A Machine Learning Based Framework for Brine-Gas Interfacial Tension Prediction: Implications for H2, CH4 and CO2 Geo-Storage

Abstract

Abstract Brine-gas interfacial tension (γ) is an important parameter to determine fluid dynamics, trapping and distributions at pore-scale, thus influencing gas (H2, CH4 and CO2) geo-storage (GGS) capacity and security at reservoir-scale. However, γ is a complex function of pressure, temperature, ionic strength, gas type and mole fraction, thus time-consuming to measure experimentally and challenging to predict theoretically. Therefore herein, a genetic algorithm-based automatic machine learning and symbolic regression (GA-AutoML-SR) framework was developed to predict γ systematically under GGS conditions. In addition, the sensitivity of γ to all influencing factors was analyzed.
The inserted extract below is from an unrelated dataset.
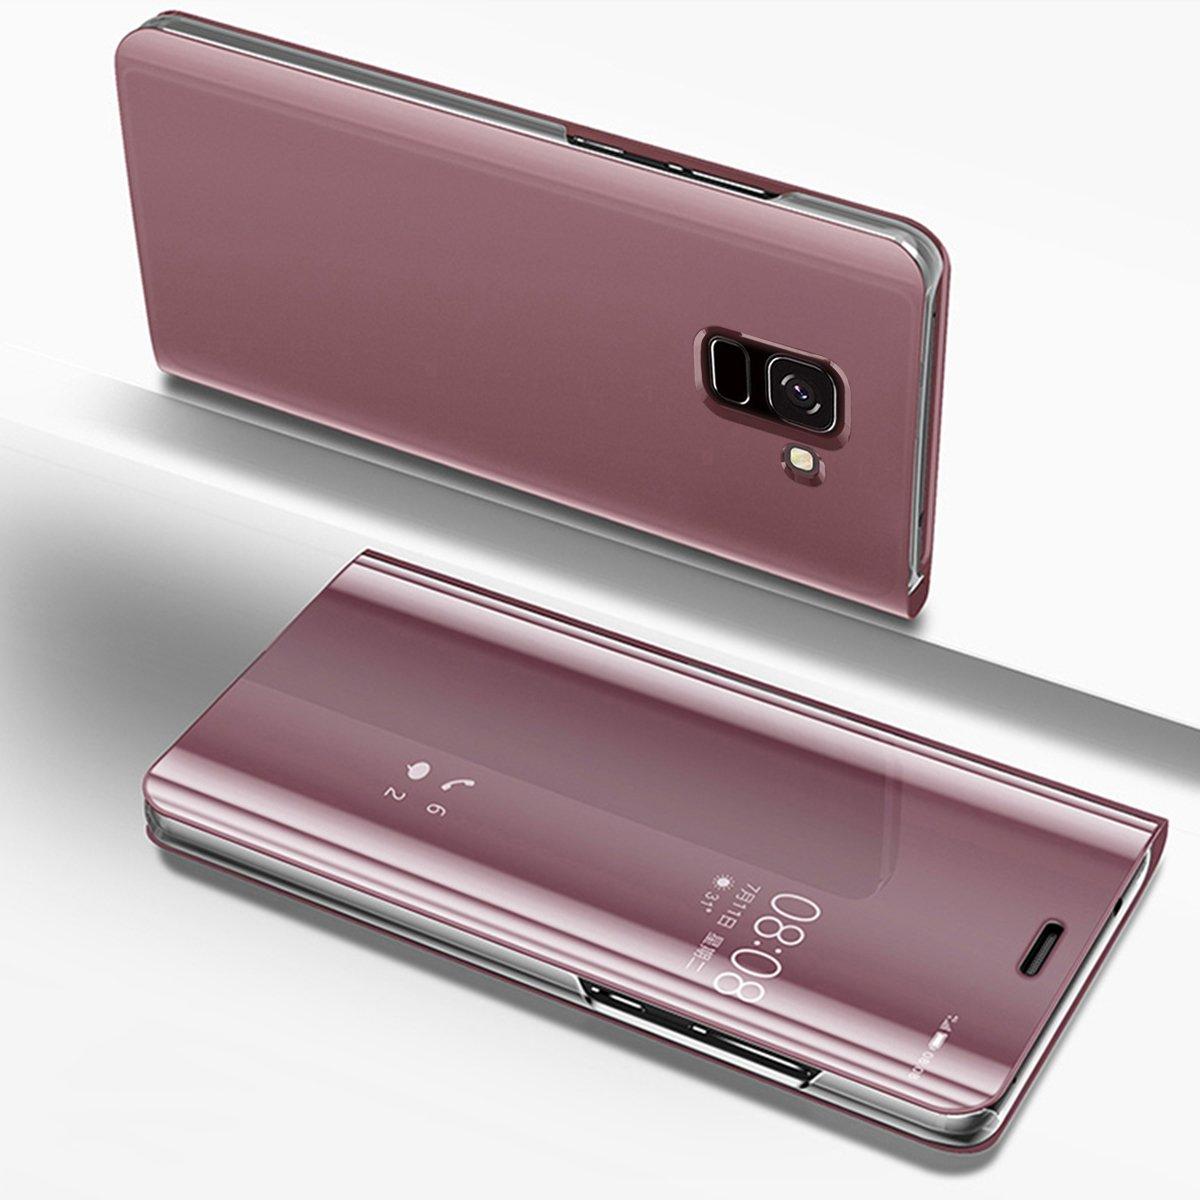 PHEZEN Galaxy J6 2018 Case,Luxury Mirror Makeup Case Plating PU Leather Flip Folio Wallet Case [Kickstand] Magnetic Closure Full Cover Case for Samsung Galaxy J6 2018 (Rose Gold)

The prediction results have shown that: the GA-AutoML-SR model prediction accuracy was high with the coefficient of determination (R2) of 0.994 and 0.978 for the training and testing sets, respectively;a quantitative mathematical correlation was derived as a function of pressure, temperature, ionic strength, gas type and mole fraction, withR2= 0.72;the most dominant influencing factor for γ was identified as pressure. These insights will promote the energy transition, balance energy supply-demand and reduce carbon emissions.